Here is the implementation of these three classes:

#pragma data_seg(".USRMUTEX_SHARED")
volatile DWORD g_dwDSMutexOwner = 0;
volatile LONG  g_lLocker = 0;
#pragma data_seg()

#pragma comment(linker, "/section:.USRMUTEX_SHARED,rws")

unsigned long CUsrMutex::m_ulLockCnt(0);
DWORD         CUsrMutex::m_dwProcessId(0);
CCritSec      CUsrMutex::m_dscs;

CCritSec::CCritSec() :
   m_sect()
{
   ::InitializeCriticalSection(&m_sect);
}

CCritSec::~CCritSec()
{
   ::DeleteCriticalSection(&m_sect);
}

CCritSec::operator LPCRITICAL_SECTION()
{
   return (LPCRITICAL_SECTION)&m_sect;
}

bool CCritSec::Lock()
{
   ::EnterCriticalSection(&m_sect);
   return TRUE;
}

bool CCritSec::Unlock()
{
   ::LeaveCriticalSection(&m_sect);
   return TRUE;
}

CUsrMutexLockerWkr::CUsrMutexLockerWkr()
{
   while (::InterlockedExchange(&g_lLocker, 1) != 0)
   {
      Sleep(0);
   }
}

CUsrMutexLockerWkr::~CUsrMutexLockerWkr()
{
   ::InterlockedExchange(&g_lLocker, 0);
}

CUsrMutex::CUsrMutex()
{
   if (m_dwProcessId == 0)
   {
      assert(sizeof(LONG) == sizeof(DWORD));
      m_dwProcessId = ::GetCurrentProcessId();
      assert(m_dwProcessId != 0);
   }

   m_dscs.Lock();

   for (;;)
   {
      {
         CUsrMutexLockerWkr locker;
         if ((g_dwDSMutexOwner == 0) ||
             (g_dwDSMutexOwner == m_dwProcessId))
         {
            g_dwDSMutexOwner = m_dwProcessId;
            break;
         }
      }
      Sleep(1);
   }

   ++m_ulLockCnt;
}

CUsrMutex::~CUsrMutex()
{
   if (--m_ulLockCnt == 0)
   {
      CUsrMutexLockerWkr locker;
      assert(g_dwDSMutexOwner == m_dwProcessId);
      g_dwDSMutexOwner = 0;
   }

   m_dscs.Unlock();
}

Proving Performance

Once I got the class I described above implemented, I wanted to test it to see if it was really faster than win32 mutex.

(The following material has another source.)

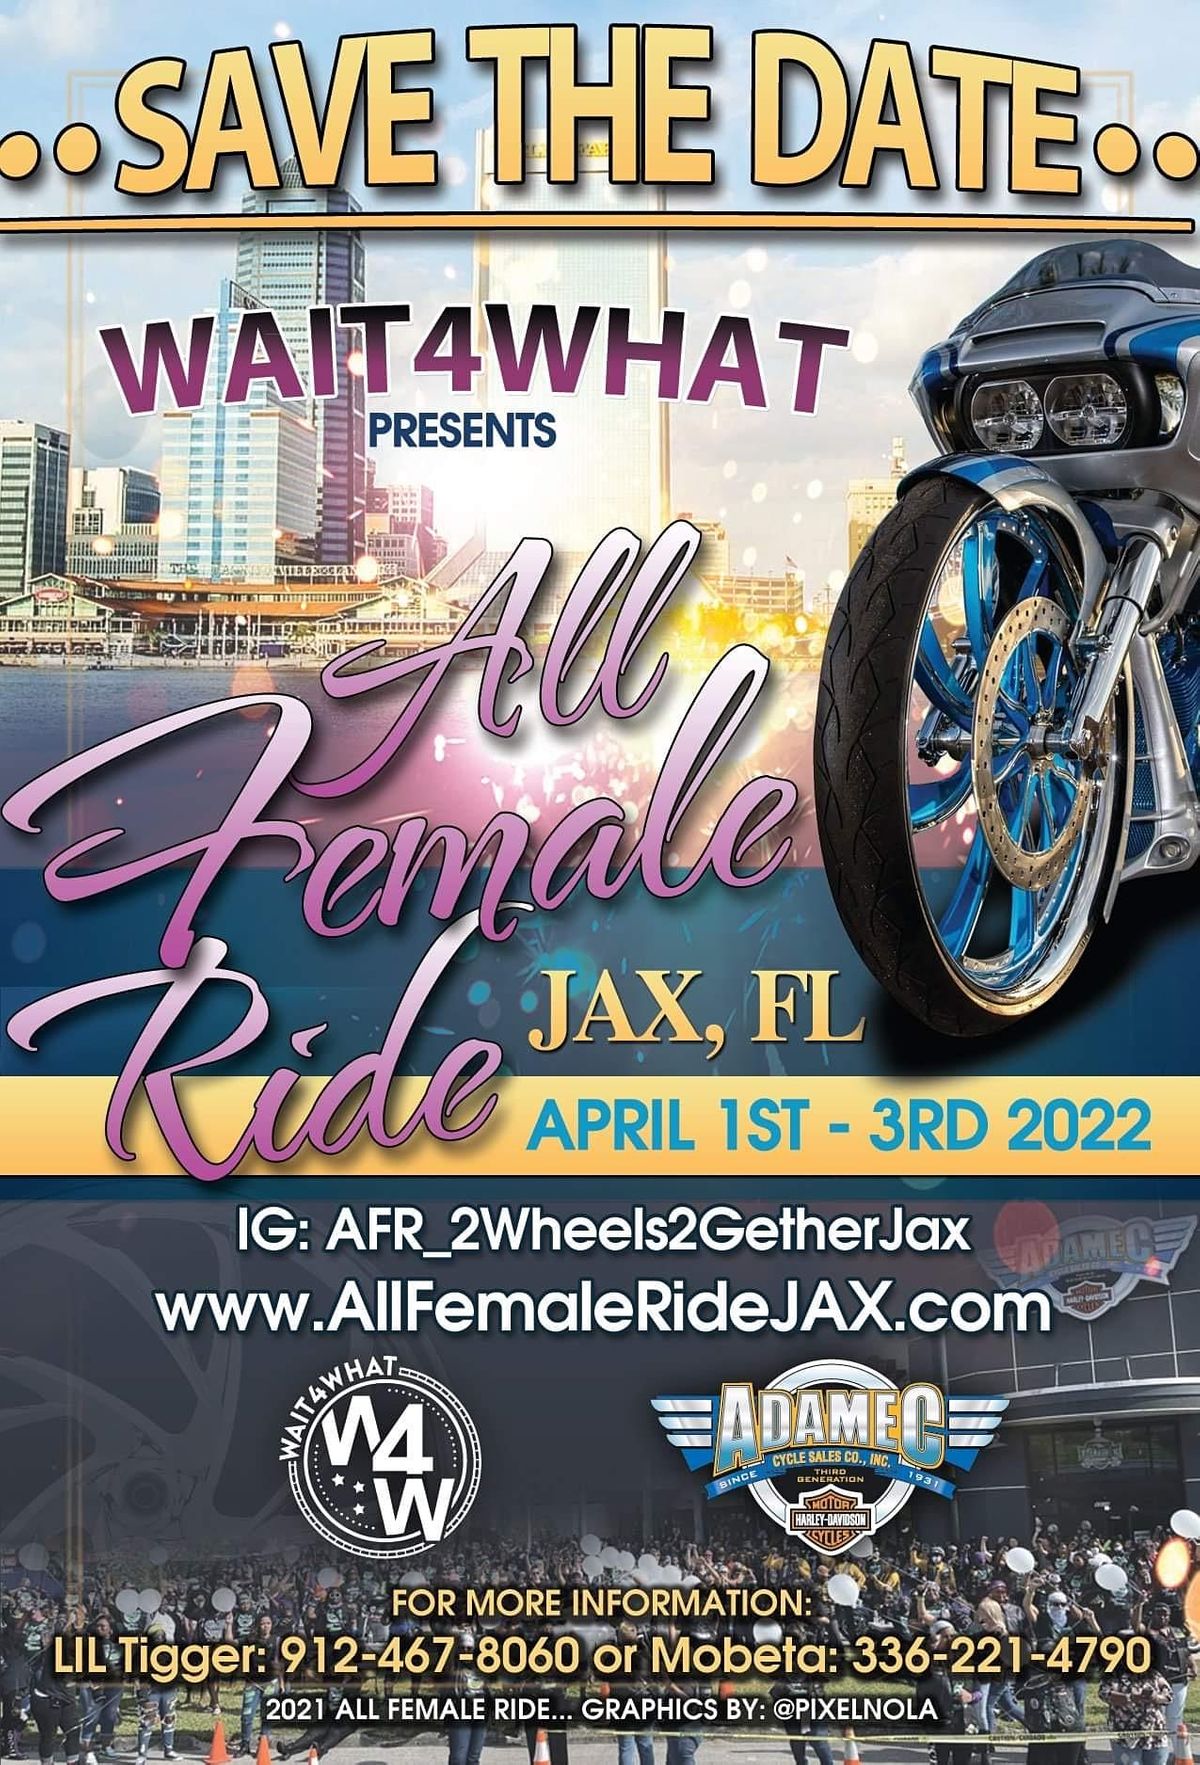 ALL FEMALE RIDE JAX, FL

I ran lots of tests, and my class always had the edge. The test where it really shined is where 6 separate processes were competing for the mutex. These 6 processes first attempted to lock and unlock a Win32 mutex 100,000 times, then attempted to lock and unlock my mutex 100,000 times. The total times were similar for each process, each something like the following numbers:

Win32 mutex: Took 6800 milliseconds to lock and unlock the mutex
My mutex: Took 240 milliseconds to lock and unlock the mutex

Along with this article a zip archive is included that includes my implementation of the mutex, a sample application, and several performance and comparison test applications.

Limitations

This design has two major limitations: 1) It's required to live in a DLL (I suppose you could put it directly into an executable if that met your specific needs), and 2) You only get one mutex you can share. The second limitation is only a limitation of my specific implementation. You can make changes in your implementation so you would have access to more than one of these mutexes.

Conclusion

This solution met my needs and vastly improved the performance of our product. Although this implementation of a custom mutex class might not meet your needs, I imagine (and hope) that this has been a good resource to help you get started in building your own custom synchronization objects. Good luck!

History

11/23/2002  -  Initial revision.
02/18/2003  -  Fixed possibility of race condition by adding g_lLocker.

License

This article has no explicit license attached to it but may contain usage terms in the article text or the download files themselves. If in doubt please contact the author via the discussion board below.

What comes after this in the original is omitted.